» TRY IT: Below are records. Count every line containing the word "that" and give the number alone.

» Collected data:
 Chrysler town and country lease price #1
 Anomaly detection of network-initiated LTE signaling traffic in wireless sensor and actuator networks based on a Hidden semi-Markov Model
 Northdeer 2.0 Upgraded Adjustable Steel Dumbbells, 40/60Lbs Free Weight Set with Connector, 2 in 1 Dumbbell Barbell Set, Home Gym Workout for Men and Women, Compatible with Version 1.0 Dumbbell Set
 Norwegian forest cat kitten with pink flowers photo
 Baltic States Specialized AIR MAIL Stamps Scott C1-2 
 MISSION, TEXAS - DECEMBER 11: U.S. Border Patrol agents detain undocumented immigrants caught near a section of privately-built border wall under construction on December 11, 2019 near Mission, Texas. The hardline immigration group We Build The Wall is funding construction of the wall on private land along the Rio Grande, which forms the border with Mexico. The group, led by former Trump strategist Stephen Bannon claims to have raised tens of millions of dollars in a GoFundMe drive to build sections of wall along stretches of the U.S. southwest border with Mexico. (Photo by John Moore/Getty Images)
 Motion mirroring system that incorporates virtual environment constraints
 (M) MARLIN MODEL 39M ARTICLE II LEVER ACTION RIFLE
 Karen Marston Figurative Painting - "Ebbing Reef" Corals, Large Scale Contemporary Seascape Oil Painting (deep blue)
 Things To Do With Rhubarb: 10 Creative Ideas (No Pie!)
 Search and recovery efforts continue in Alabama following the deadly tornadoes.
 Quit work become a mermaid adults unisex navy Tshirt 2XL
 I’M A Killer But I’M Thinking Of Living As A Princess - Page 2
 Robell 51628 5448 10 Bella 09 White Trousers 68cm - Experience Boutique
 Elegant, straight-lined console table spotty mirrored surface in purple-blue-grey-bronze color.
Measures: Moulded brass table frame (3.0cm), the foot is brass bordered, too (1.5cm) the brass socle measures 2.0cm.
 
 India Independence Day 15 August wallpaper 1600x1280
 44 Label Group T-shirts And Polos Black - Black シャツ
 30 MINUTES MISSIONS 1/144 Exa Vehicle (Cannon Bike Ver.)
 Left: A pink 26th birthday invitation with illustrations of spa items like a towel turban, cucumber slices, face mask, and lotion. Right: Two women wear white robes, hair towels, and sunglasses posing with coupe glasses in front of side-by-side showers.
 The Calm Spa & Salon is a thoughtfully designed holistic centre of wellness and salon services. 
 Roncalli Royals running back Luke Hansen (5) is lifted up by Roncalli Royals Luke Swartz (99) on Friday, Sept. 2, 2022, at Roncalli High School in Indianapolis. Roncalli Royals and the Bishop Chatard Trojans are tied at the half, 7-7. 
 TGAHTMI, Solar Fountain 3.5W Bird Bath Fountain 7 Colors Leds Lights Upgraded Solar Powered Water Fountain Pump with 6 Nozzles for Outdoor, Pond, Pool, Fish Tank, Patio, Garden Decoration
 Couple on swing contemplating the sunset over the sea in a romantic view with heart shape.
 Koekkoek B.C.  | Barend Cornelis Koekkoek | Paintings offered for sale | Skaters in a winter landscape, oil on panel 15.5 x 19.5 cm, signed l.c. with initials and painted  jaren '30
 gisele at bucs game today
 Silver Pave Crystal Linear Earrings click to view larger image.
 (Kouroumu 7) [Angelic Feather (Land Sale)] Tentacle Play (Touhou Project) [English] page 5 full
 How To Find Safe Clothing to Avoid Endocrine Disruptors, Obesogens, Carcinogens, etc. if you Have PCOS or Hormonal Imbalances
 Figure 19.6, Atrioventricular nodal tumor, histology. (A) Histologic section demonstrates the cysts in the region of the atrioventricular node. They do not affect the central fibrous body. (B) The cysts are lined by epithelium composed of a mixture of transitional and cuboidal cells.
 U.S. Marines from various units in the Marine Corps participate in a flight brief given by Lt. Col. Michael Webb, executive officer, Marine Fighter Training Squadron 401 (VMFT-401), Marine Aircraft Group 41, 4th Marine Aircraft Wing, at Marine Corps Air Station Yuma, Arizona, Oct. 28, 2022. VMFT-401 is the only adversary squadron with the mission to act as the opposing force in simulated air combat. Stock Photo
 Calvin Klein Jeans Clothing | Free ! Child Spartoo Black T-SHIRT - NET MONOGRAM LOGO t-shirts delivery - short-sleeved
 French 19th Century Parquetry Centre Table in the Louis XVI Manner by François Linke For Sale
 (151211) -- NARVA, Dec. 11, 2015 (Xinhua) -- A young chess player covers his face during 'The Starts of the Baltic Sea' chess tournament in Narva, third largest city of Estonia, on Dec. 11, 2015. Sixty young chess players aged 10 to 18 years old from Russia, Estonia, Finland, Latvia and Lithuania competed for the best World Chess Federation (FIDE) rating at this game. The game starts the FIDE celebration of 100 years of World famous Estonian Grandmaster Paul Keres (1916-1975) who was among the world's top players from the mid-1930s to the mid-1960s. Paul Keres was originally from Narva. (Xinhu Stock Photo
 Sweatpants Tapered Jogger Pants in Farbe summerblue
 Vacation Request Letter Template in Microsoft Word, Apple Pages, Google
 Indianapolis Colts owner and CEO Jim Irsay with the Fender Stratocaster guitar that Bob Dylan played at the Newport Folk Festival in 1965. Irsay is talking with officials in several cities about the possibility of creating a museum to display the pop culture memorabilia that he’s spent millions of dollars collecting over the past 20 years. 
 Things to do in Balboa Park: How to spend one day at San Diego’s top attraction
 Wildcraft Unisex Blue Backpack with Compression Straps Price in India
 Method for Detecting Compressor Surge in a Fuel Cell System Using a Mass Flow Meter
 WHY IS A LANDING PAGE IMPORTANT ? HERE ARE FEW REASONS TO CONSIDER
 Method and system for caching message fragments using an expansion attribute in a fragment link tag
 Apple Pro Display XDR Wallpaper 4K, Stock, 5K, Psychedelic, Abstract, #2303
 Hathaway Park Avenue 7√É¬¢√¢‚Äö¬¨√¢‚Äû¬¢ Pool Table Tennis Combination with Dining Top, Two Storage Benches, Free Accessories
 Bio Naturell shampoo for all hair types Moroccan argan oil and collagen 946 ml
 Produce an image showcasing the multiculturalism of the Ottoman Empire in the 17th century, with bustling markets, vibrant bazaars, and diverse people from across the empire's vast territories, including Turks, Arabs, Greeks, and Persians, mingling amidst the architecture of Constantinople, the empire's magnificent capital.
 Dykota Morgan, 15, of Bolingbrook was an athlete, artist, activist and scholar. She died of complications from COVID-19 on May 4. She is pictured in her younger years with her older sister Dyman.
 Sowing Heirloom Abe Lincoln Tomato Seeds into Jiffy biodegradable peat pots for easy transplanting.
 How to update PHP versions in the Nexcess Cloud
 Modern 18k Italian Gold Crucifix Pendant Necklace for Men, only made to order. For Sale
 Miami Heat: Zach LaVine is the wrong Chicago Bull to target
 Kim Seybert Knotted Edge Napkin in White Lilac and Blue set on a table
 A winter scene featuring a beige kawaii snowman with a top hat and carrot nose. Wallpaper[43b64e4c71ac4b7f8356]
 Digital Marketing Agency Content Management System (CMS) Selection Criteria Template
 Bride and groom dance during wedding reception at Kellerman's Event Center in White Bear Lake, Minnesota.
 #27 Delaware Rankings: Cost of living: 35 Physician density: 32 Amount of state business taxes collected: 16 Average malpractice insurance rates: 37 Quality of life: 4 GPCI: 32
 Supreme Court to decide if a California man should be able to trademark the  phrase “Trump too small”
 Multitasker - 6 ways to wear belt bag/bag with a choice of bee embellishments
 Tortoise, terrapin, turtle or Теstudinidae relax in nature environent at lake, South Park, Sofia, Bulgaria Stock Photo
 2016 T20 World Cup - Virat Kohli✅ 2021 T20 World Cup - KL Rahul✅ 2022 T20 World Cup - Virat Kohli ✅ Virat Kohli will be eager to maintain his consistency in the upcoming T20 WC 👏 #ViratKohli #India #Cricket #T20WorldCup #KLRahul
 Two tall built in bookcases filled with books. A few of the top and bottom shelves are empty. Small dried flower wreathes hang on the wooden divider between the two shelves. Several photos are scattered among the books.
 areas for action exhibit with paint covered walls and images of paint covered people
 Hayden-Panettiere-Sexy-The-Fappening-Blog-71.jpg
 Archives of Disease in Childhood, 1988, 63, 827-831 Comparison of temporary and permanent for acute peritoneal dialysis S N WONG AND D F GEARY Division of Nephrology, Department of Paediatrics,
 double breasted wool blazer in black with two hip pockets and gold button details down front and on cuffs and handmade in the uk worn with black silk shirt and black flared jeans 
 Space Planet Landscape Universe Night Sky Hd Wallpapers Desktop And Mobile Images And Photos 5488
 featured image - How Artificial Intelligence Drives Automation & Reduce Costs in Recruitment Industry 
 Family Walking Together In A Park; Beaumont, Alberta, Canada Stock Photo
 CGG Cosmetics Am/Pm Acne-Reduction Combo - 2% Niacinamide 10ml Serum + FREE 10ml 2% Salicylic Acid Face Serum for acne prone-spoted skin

» ANSWER FOR THE TASK: 2